The high water has some energy E = mgh. In the basic school, we were told that hydropower plants extract the energy of "falling water". Now, that banned principle says that if your water falls upon still turbines, you will loose energy. The water will turn into a foam, vapor and heat up until it slows down to the speed of rotating turbine. At this point, half of the "falling energy" is lost. This means that speed of turbines must match the speed of the water stream.

Now, the waterfall has the highest speed at the basement and, in order to capture all the energy, you need to stop the water completely because water escaping at speed v, carries energy $E = mv^2/2$, where mass m grows linearly with time (your losses accumulate over time). These losses are proportional to water density m and speed v. Which means we loose more energy with each time unit if outbound stream speed v is higher. The only way to achieve 100% efficiency is to stop the water completely, to v=0. However, this implies no flow and no electricity produced.

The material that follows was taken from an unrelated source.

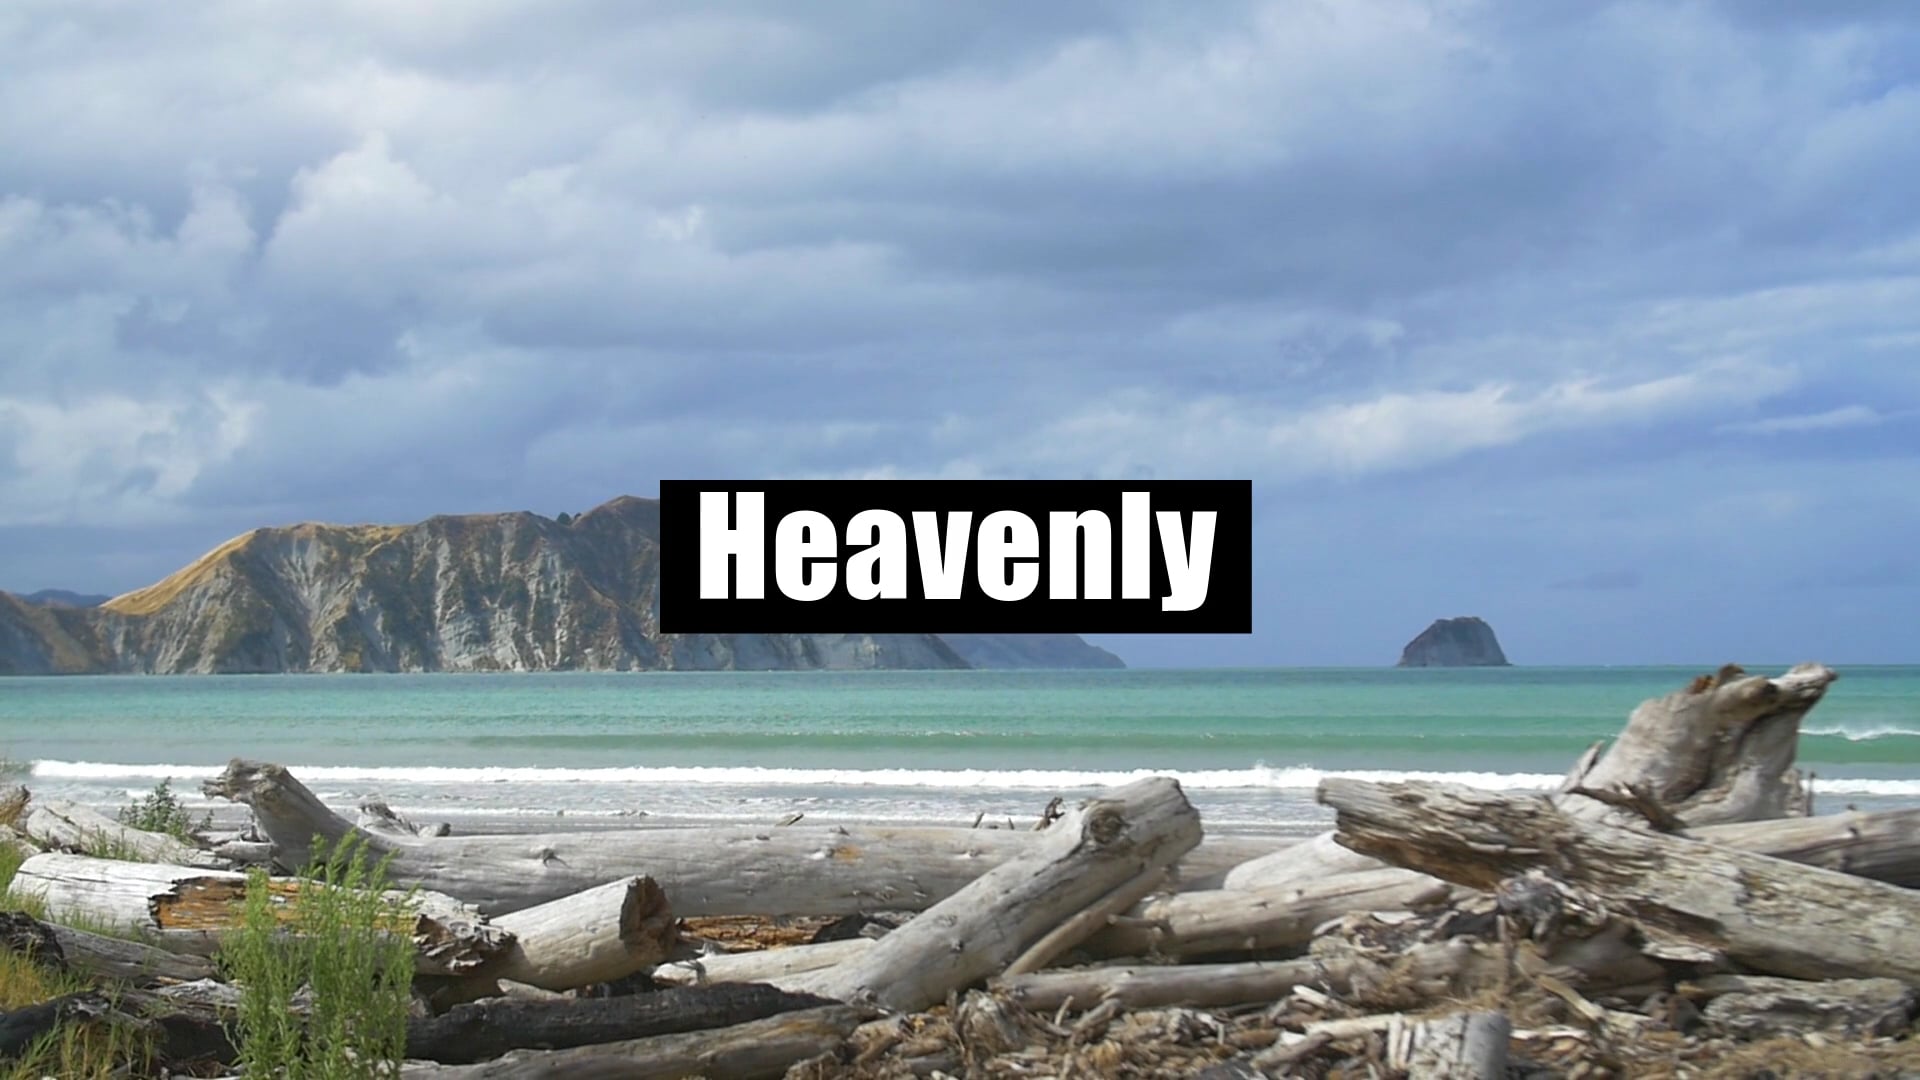 Heavenly by Dylan Tauber

All these considerations visited me when I did some switching power supplies. Switching power supply achieves 100% efficiency by operating in one of 2 modes: full power, when water input is 100% open to accelerate the turbine and itself, and zero power, when fresh water input is closed and previously accelerated water altogether with massive turbine slow down by the energy consumer (assume a spring that we charge against its force -- it will slow down the stream with turbine). In electronics, the role of moving water and rotor is played by constant inductor, whose inductance is constant, unlike the water, which would arrive all the time and accumulate at v whenever you open the switch. I therefore would stop the water completely in the lowland, before releasing it there, achieving 100% extraction. But, it seems that in real hydro plants and wind mills, turbine rotates constantly, without any switching.

So, what theoretical efficiencies can wind and hydro turbines achieve?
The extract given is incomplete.